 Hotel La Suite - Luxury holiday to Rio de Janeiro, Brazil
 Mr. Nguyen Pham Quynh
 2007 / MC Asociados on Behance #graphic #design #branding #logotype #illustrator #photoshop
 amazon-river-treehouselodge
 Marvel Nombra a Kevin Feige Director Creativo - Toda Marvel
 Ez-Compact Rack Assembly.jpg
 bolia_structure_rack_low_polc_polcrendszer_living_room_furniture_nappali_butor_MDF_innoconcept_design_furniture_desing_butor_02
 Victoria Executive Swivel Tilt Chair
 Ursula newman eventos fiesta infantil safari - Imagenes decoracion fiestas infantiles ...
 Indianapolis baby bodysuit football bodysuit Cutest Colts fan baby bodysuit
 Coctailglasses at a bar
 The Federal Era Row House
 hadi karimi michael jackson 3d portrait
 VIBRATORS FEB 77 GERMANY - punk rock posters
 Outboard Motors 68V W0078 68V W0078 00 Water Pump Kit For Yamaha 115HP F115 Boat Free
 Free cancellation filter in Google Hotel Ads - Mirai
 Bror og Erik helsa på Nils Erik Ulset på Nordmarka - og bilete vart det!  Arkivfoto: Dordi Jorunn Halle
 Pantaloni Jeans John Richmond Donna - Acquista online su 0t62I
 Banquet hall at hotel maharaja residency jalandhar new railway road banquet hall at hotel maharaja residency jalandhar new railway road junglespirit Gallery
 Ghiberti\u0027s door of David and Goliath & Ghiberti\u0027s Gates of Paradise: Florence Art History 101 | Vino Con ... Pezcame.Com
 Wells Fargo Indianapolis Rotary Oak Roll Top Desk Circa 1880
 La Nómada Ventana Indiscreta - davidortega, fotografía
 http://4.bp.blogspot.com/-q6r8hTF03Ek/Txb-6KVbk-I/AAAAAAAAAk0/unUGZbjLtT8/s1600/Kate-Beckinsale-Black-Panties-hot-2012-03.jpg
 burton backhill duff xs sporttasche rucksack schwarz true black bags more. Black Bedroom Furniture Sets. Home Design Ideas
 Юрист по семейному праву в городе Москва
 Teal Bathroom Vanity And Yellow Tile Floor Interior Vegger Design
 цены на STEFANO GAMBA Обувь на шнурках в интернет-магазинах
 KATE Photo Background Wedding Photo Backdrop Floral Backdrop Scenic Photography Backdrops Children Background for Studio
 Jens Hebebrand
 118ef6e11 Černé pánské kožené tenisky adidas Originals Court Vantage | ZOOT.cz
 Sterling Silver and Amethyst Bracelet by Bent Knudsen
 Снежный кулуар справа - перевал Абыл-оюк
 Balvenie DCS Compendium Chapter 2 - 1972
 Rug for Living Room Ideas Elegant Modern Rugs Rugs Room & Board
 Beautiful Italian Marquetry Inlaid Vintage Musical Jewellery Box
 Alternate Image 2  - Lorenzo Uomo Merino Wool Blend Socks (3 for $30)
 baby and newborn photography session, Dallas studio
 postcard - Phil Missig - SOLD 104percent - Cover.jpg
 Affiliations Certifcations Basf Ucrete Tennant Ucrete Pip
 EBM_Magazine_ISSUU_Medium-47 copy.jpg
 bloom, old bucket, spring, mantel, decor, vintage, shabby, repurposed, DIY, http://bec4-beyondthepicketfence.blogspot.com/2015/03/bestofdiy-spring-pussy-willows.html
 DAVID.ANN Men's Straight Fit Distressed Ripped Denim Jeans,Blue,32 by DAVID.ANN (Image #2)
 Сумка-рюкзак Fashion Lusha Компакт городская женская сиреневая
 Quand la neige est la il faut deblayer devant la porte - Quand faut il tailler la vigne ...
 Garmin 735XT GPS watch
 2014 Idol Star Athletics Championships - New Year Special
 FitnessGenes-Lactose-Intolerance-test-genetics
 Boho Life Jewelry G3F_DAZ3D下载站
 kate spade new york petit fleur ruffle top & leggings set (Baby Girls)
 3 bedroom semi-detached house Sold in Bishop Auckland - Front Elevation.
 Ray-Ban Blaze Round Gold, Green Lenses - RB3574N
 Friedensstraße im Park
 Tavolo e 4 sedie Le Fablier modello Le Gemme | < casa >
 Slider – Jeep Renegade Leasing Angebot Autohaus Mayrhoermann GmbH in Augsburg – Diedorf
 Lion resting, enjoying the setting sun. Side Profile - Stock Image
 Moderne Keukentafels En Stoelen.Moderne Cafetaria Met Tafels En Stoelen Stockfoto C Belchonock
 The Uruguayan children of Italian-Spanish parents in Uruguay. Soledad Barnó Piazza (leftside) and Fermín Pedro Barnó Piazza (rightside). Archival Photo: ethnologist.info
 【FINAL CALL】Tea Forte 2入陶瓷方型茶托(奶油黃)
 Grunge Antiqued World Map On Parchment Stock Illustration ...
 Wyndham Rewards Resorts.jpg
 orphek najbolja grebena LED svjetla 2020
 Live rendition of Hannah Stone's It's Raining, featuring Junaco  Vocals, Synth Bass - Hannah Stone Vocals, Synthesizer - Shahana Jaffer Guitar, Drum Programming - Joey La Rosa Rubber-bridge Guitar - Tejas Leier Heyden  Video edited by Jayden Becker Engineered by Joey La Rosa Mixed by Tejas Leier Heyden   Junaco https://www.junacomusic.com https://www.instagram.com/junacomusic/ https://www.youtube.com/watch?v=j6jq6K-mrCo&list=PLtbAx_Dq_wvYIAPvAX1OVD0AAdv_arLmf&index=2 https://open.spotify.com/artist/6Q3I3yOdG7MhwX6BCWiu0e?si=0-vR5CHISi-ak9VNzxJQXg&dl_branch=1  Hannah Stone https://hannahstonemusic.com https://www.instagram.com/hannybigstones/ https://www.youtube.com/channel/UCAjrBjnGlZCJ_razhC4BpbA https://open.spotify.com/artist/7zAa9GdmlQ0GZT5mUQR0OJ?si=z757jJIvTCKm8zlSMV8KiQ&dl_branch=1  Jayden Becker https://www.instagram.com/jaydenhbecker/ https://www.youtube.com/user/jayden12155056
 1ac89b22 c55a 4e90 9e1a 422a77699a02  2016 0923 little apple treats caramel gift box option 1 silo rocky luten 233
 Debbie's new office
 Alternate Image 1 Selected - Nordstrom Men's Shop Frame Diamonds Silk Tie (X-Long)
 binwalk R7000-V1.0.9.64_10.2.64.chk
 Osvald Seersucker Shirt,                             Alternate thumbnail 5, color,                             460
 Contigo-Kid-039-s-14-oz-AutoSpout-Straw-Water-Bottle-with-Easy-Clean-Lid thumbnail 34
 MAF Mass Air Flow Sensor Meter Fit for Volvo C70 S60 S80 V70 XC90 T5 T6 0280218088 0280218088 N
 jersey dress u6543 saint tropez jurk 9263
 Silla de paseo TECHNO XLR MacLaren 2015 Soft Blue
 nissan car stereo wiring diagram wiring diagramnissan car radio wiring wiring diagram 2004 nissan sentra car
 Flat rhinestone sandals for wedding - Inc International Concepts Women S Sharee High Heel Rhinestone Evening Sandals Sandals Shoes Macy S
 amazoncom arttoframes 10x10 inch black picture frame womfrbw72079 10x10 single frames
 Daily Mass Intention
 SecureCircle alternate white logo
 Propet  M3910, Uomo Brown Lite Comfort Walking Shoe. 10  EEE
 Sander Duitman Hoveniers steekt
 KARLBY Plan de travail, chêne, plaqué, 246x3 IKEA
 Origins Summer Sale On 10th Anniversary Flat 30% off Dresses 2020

☆ ☆ ☆ ☆ ☆ ☆ ☆

▸ **REQUIREMENT**
Given the records above, reproduce precisely and only the lines between the line holding "2007 / MC Asociados" and the line holding "Victoria Executive Swivel Tilt Chair", inclusive.

▸ **RESPONSE TO THIS EXERCISE**
 2007 / MC Asociados on Behance #graphic #design #branding #logotype #illustrator #photoshop
 amazon-river-treehouselodge
 Marvel Nombra a Kevin Feige Director Creativo - Toda Marvel
 Ez-Compact Rack Assembly.jpg
 bolia_structure_rack_low_polc_polcrendszer_living_room_furniture_nappali_butor_MDF_innoconcept_design_furniture_desing_butor_02
 Victoria Executive Swivel Tilt Chair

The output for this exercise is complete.